I would assume that if a single person had not had sex by the time they were 35, (or was just plain committed to sexual purity regardless of their actual "status") then that was because they viewed sex and its place in life in the same way as I do, and I would be either glad of that (if I was interested in them) or otherwise just plain admiring of that (since we all still have hormones and it is not an easy road!).

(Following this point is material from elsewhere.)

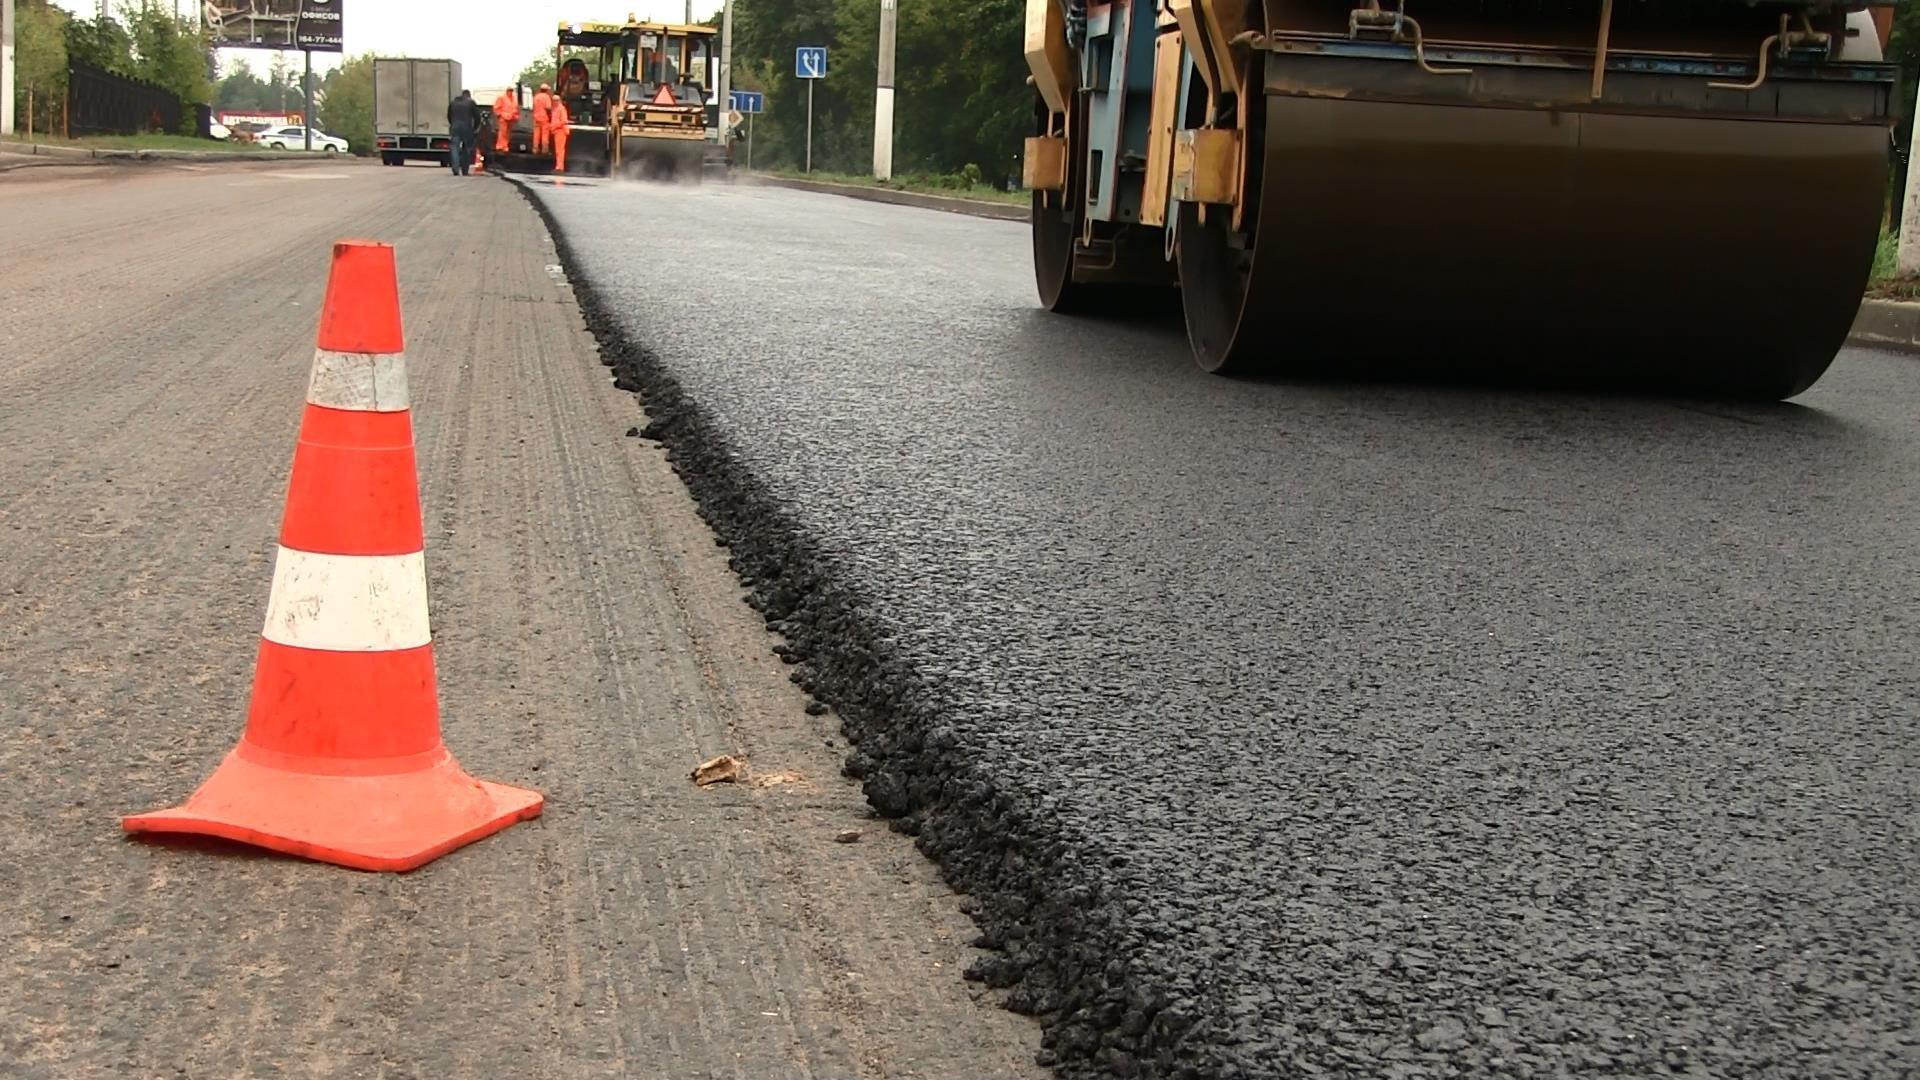 Ремонтом дорог вПетербурге займутся ВАД, АБЗ-Дорстрой и«Орион-плюс»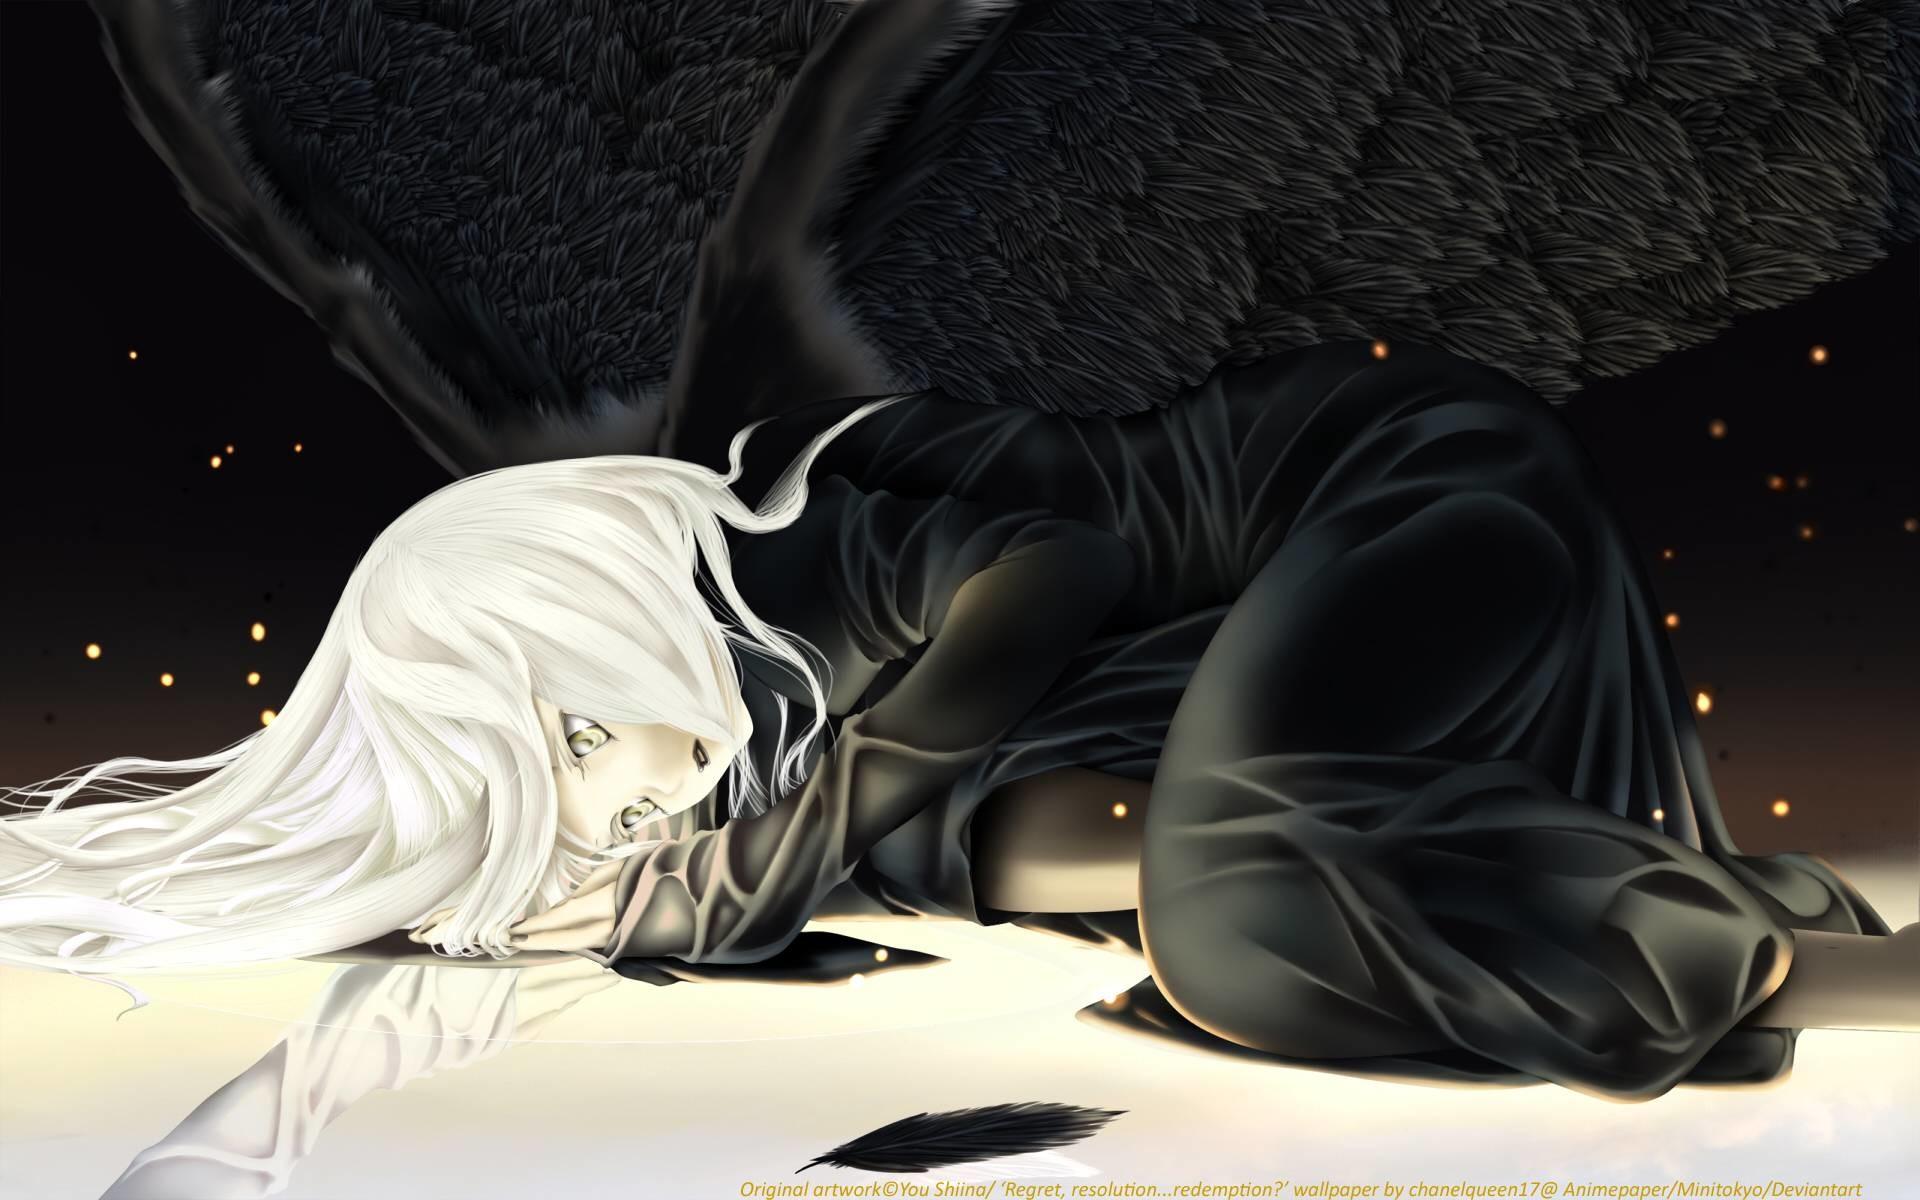 anime anime manga images wallpapers angel with black wings tweet

I agree with 2Timothy2, a person's lack of experience with relationships does not automatically mean that there is something "wrong" with them, either - though it would mean that both people would need to communicate really openly, so in that sense it would be bound to affect the way they related if they were to date. I mean, say the girl had dated before and the guy hadn't - well the girl might have preconceived ideas about the "norms" in relationships - who calls and when, who pays, what "I am fine" means or whatever - and the person who had not dated would not have those preconceived ideas. Mind you, everyone is different, so having as few preconceived ideas as possible is always wise
It bugs me when people assume that there must be something "wrong" with someone who has either had no relationships or not had sex - as though it was for lack of opportunity or reflected badly on them or something, because 99.9% of the time, it is simply because of choices and priorities, and because people are doing what they feel they are called to do, and thus actually reflects positively on them. I know I know, I am a bit off topic, but I read an article the other day and it was referring to a single THIRTY YEAR OLD as a "spinster" - as IF! (And don't get me started on the media's double standards on that re men hehehe). I mean, my first thought was, heck when I turned 30 I remember thinking I was glad I wasn't married yet, any earlier would have been a mistake for me.
It's pretty deep in the psyche of western culture that "loved" and "accepted" = "married" by whatever age is the average in that culture. What a deception. And it is sadder when the church buys into it. I know it is driven by our God given desires and needs to be loved and accepted, but those are there so that we will find our home in Him - I know I am acceptable and loveable because He loves me, whether anyone else does or not - quite apart from the fact that romantic love is only one kind.
To get back on topic, anyone in the position described in the OP would have nothing but my respect. I would make no assumptions, and if I heard any negative comments about that person from anyone else, I would take them up on it.